To understand better the philosophical implications of “principles” (li 理) specifically in mathematical writings, one needs to go beyond narratives and include their visual elements, too. In the above impossible interview with Russell, Zhu Shijie’s statement about the visibility of “principles” in diagrams (tu 圖), and thus about a cognitive foundation for understanding mathematical knowledge, was not entirely fictional. In the text that accompanies a diagram showing the geometric configuration obtained from squaring the magnitudes associated to four unknowns at the beginning of Zhu’s Jade Mirror (1303), he concludes by saying that “if one studies the diagram, one will recognize this.[37] Its principle is of evident nature” (kao tu ren zhi qi li xian ran 考圖認之, 其理顯然).[38] Turning more specifically to figured numbers in China and their representations, one can thus ask what visualized “principles” signify in a number theoretical context.

Visual representations of numbers are found abundantly since the Song period in philosophical writings, most prominently in relation to The Chart of the Yellow River (Hetu 河圖) and The Writ of the Luo River (Luoshu 洛書) diagrams,[39] in which numbers are shown as composed of black or white pebbles, each corresponding to a unit.[40] Beginning with Yang Hui, figured numbers, so-called “heaps” (duo 垛), appear in diagrams as “comparable categories” to continuous plane geometric objects, so-called “fields” (tian 田) in the shape of squares, circles, triangles and trapezoids.[41] Next to the diagrams in figure 1 we are told that “for all [the surfaces shown] the method for the trapezoidal field can be applied.
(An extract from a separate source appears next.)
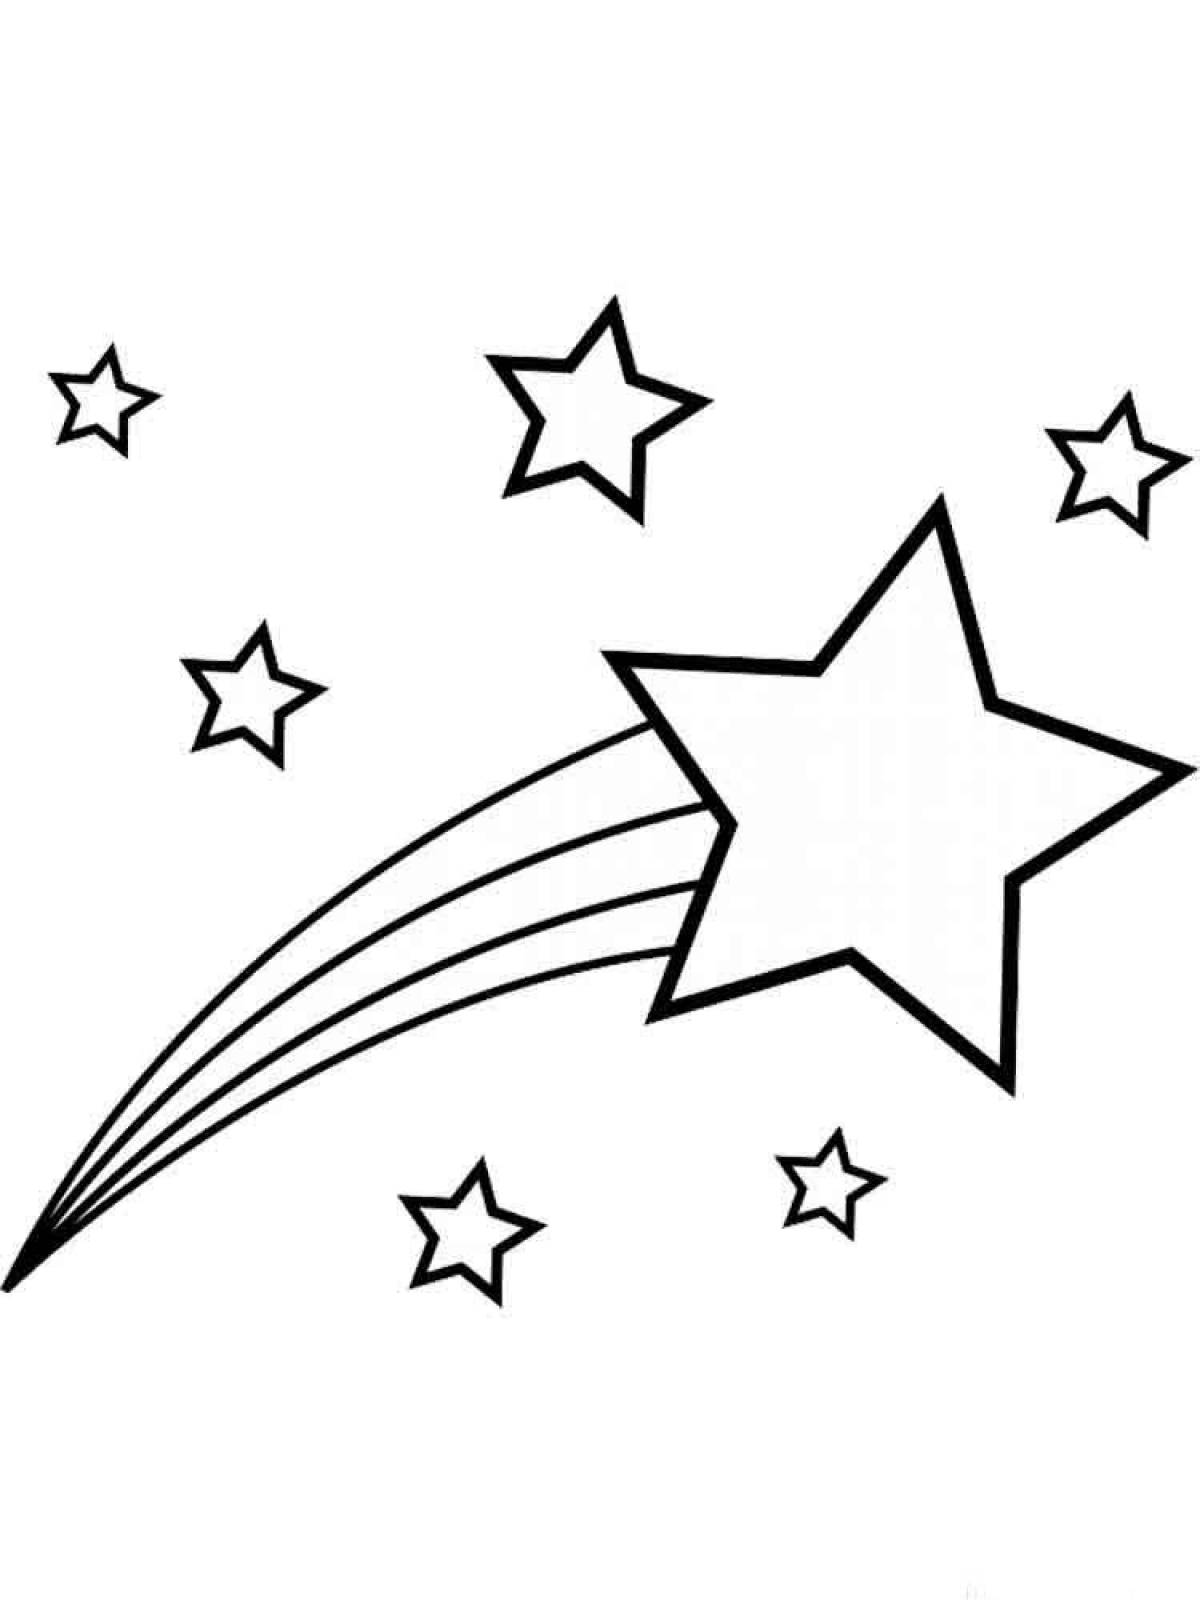 Colourful star pattern coloring page

One does not need to establish yet another problem with a calculation sketch”. In the absence of further explanations, one might ask what justifies, for example, that a topsy-turfy trapezoid or the number of pebbles in the triangle composed of lines with 1 to 7 pebbles are calculated by the same procedure as the surface of the trapezoid.[42] That Yang Hui has grouped together all four diagrams seems indeed to imply that he intends to show a structure and properties common to all of them.

Figure 1

Simple Methods for Multiplication and Division with Comparable Categories in Field Measurement, in Yang Hui’s Mathematical Methods 楊輝算法 (1275)
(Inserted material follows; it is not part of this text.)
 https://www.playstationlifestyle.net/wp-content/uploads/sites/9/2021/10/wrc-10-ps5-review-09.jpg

Simple Methods for Multiplication and Division with Comparable Categories in Field Measurement, in Yang Hui’s Mathematical Methods 楊輝算法 (1275)

-> Voir la liste des figures

As for three-dimensional figured numbers, algorithms for calculating the number of wine jars piled up in the shape of a truncated pyramid with a rectangular base were first stated by Shen Gua in the 11th century.[43] Although such algorithms circulated widely in Ming 明 (1368-1644) dynasty mathematical manuals, even in versified form for easy memorization,[44] I have not found a single illustration of such three-dimensional forms before the Essence of Numbers and their Principles Imperially Composed (Yuzhi Shuli Jingyun 御製數理精蘊, 1723), a compilation integrating Chinese and Western mathematical writings and discursive forms.[45] Naturally, representing integer sequences of higher order by geometrical shapes has its cognitive limits. Hua Hengfang admitted this, but doomed diagrams as unnecessary tools for making apparent mathematical “principles” once algebra as an all-encompassing technique is used to express and manipulate symbols and formulas :

Among the ancient mathematical books, none of them draws many charts. In the Nine Chapters, there is only the diagram of base and height [in a right-angled triangle]. By eliminating the blue [surfaces] and inserting the red ones it is explained that the sum of the two squares of base and height is equal to the square on the hypotenuse. For all the other procedures no [other ancient mathematical book] resorts to a diagram to elucidate it. […] The problem is that if one uses diagrams to make calculation principles apparent, one can only do so up to solids, yet, this is the end. For higher dimensions, one cannot draw diagrams. For that which diagrams cannot make evident, mathematicians have additionally invented algebra. Among all pieces of segments there is none that cannot be elucidated by a mathematical formula. Therefore, what in ancient times could not be elucidated without a diagram, today can be done so without necessarily using a diagram. What in ancient times no diagram could be drawn for, today can be expressed by algebraic formulas, replacing the function of diagrams. In my mathematical books I never draw diagrams, the reason being also that I use algebraic formulas.[46]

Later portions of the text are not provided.